Real-time Control of Stormwater Management Systems
Earlier this week the Notre Dame Journal on Emerging Technologies published Overcoming Legal and Institutional Barriers to the Implementation of Innovative Environmental Technologies, a paper I co-authored with Dr. Walter McDonald of the Department of Civil, Construction and Environmental Engineering (CCEE) in Marquette’s College of Engineering; Joe Naughton, a 2020 Sea Grant Knauss Fellow at the National Oceanic and Atmospheric Administration; and Hannah Hathaway, a member of the Law School’s Class of 2020. Another faculty colleague, Dr. Tony Parolari of the CCEE department, participated in the underlying research grant that resulted in the paper. This kind of work is part of our core mission: the Marquette University Water Law and Policy Initiative seeks, among other things, to employ an interdisciplinary approach, and to pursue opportunities for information exchange and collaboration within and outside Marquette University.
The following excerpt describes the work. The full article is freely available at the above link.

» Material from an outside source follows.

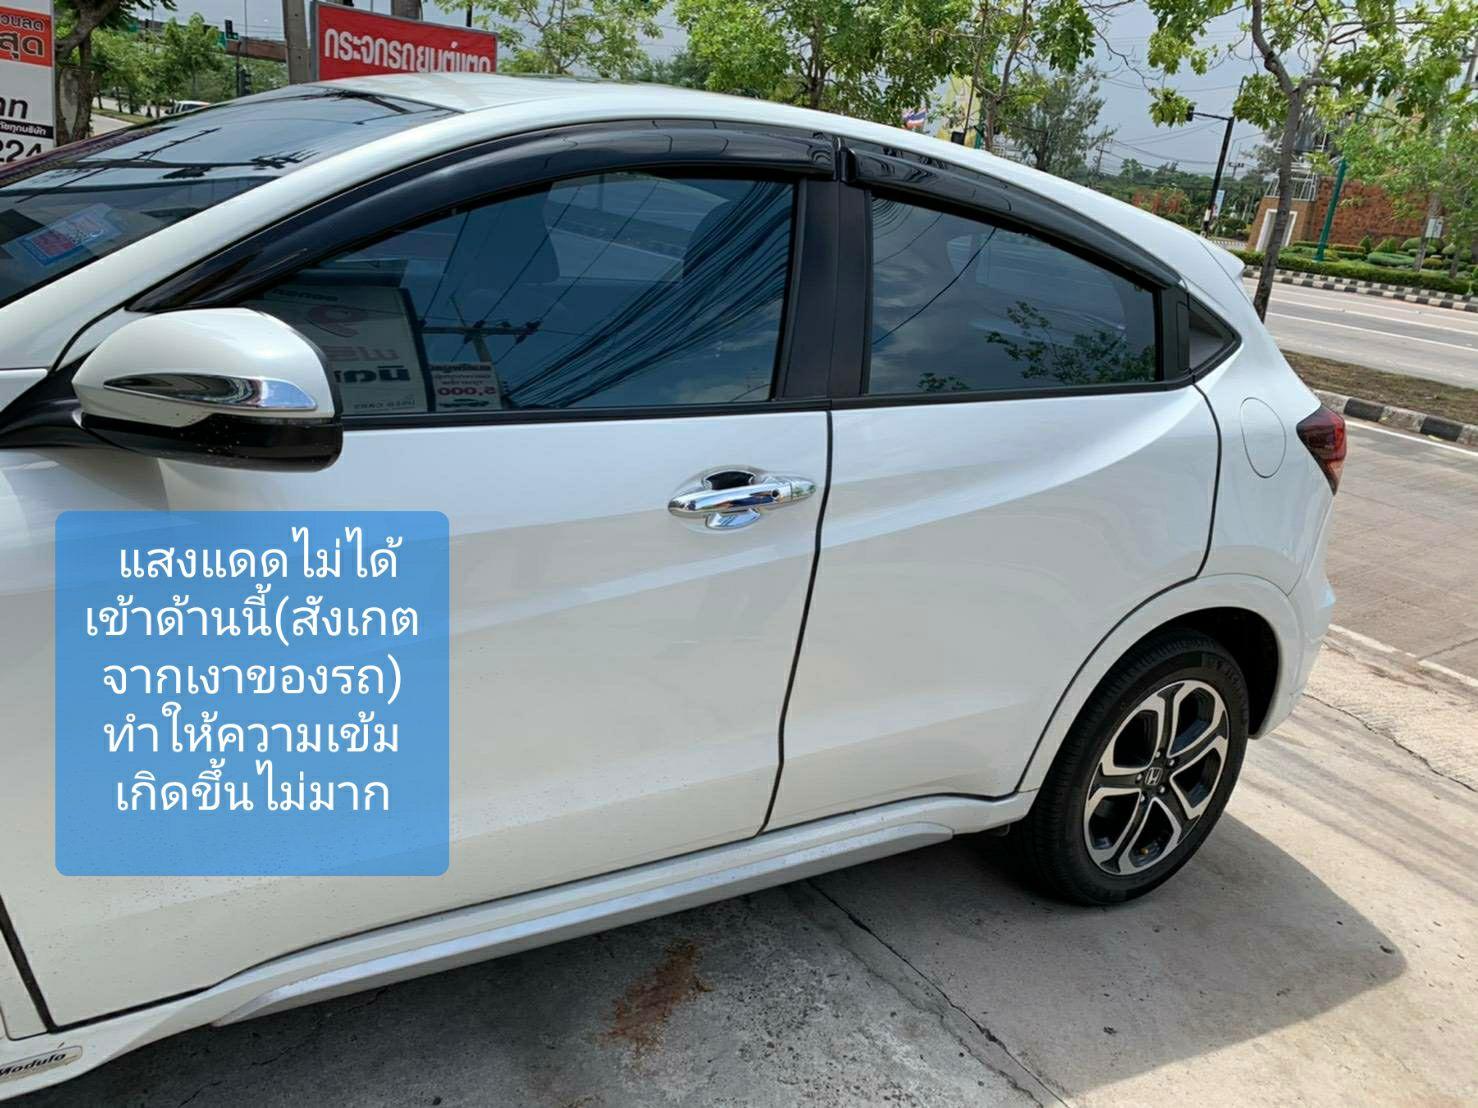 ขอขอบพระคุณ ลูกค้า Honda HRV ขอนแก่นที่ไว้วางใจฟิล์มคอนทราสต์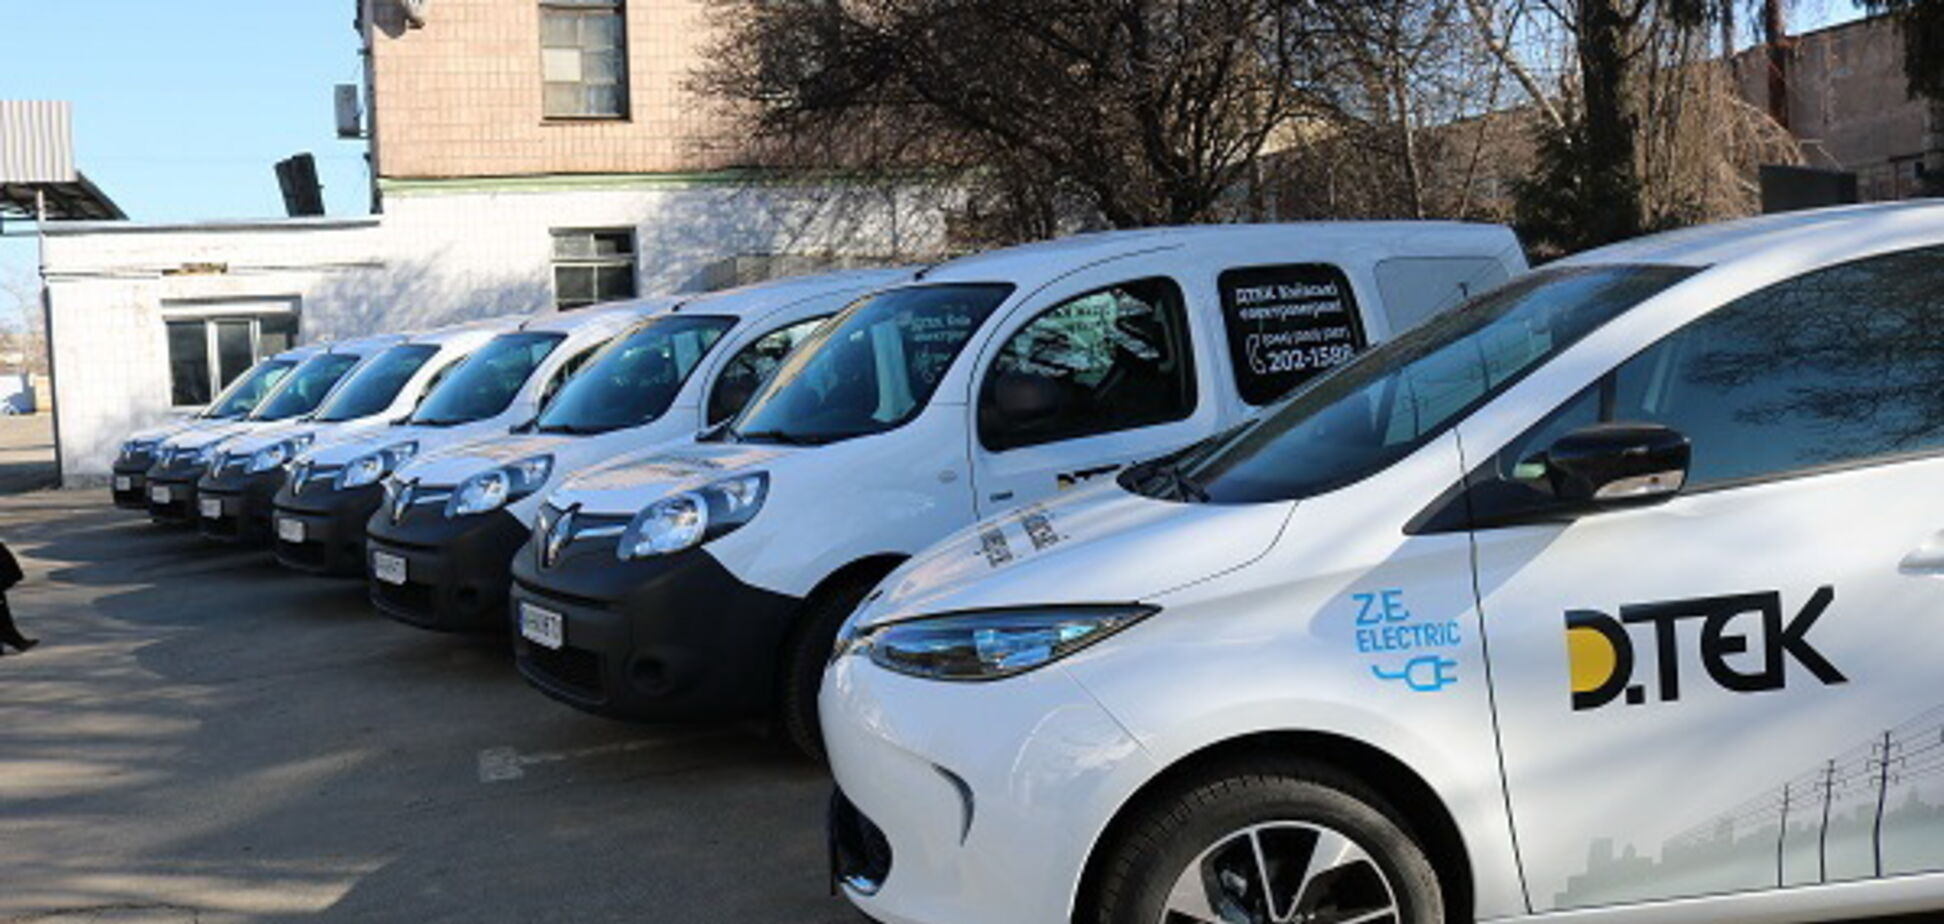 Електропослуги киянам будуть надавати на екологічних електромобілях

Communities in the United States face growing challenges to effective stormwater management as a result of aging infrastructure, increasing urbanization, changing climate, and shrinking budgets, among other factors. These changes have increasingly stressed existing “static” stormwater management systems such as pipe networks, retention ponds, and detention ponds, that are intended simply to convey storm flows to nearby receiving waters without regard to overall system conditions.
Dealing with these stressors may require innovative solutions such as real time control (RTC) or “dynamic” stormwater management systems.